The FSCA said that while there was no legislation that prevented an insurer from changing the manner in which it collected premiums, the process needed to be inclusive. FSCA divisional executive for business supervision Kedibone Dikokwe said the authority had been in contact with Hollard Insurance on the policies linked to Edcon clients.

She said the FSCA had put the process under its spotlight to protect the insurance policyholder.

“Our office is still engaging with the insurer on this last issue and we are still obtaining further information to assess the reasons for this decision and the effect of this decision on policyholders.”

The Competition Tribunal this month approved the sale of parts of Edgars to Durban’s Retailability, subject to certain employmentrelated conditions.

The sale included the transfer of approximately 120 stores in South Africa together with the businesses conducted in them. This week Edgars told its customers that the switch was due to the sale of parts of the retailer’s former parent company, Edcon, which went into business rescue in April.

The retailer said the sale included Edcon’s credit business. It offered a new premium and no waiting period for the switch. Dikokwe said collection of premiums should not result in a situation where policyholders were not able to obtain cover under a policy because of the manner in which premium was collected.
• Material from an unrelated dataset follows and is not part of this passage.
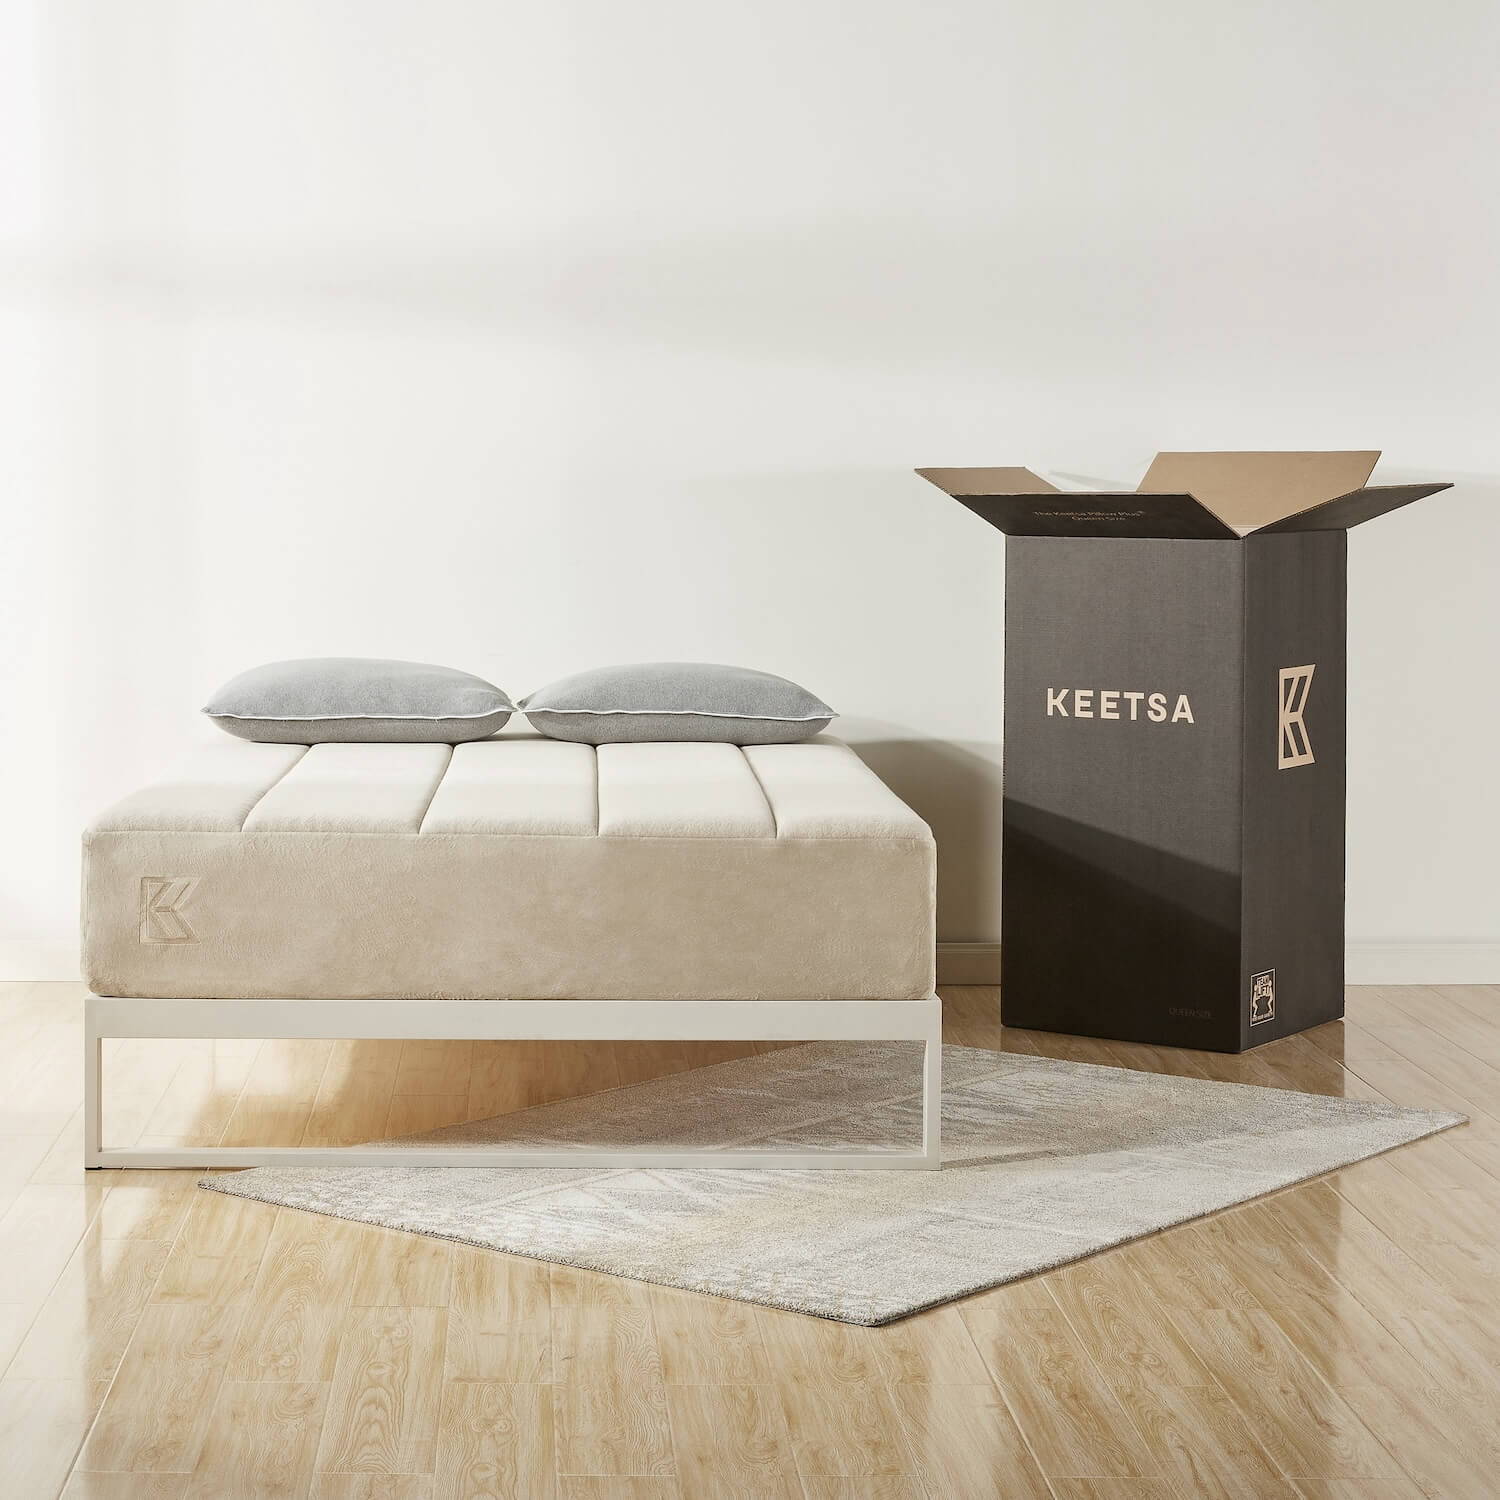 The Keetsa Plus Mattress in bedroom.

She said the FSCA had been involved in the debacle to ensure that the method in which a premium was collected would not result in a policyholder being disadvantaged. “We would, however, like to state that we are not sure whether this is the case in this situation, as we have not obtained enough information from the insurer in this matter,” said Dikokwe.

The FSCA said that Edcon’s footprint stretched across Africa and in South Africa, RCS was the credit provider and there were agreements in place which allowed for insurance premiums to be paid to the insurer by RCS, which collected both the insurance premium and payment in terms of the credit agreement. Dikokwe said different payment options were available to clients of Edcon for purposes of payments to be made. She said that in considering whether fair outcomes were achieved for policyholders, the FSCA would consider the notice period provided.

“In South Africa, depending on the types of agreements in place, there might also be a responsibility on an insurer to inform the regulator of the cancellation of the specific agreement and also to inform the policyholders within 30 days of the cancellation of the agreement.

“Notice to the policyholders would then include notice about changes to the premium collection,” Dikokwe said. Retailability chief executive, Norman Drieselmann, said a deal had been reached between RCS, Hollard and that Edgars’ new home intended to ensure the collection of premiums via the Edgars Account card. He said IUA would be assisting with customer service as they migrated from the Edcon infrastructure to their own.

“Furthermore, the insurance business has always been underwritten by Hollard, and this will continue to be the case. This is why we’re able to ensure continuity of the insurance product,” he said.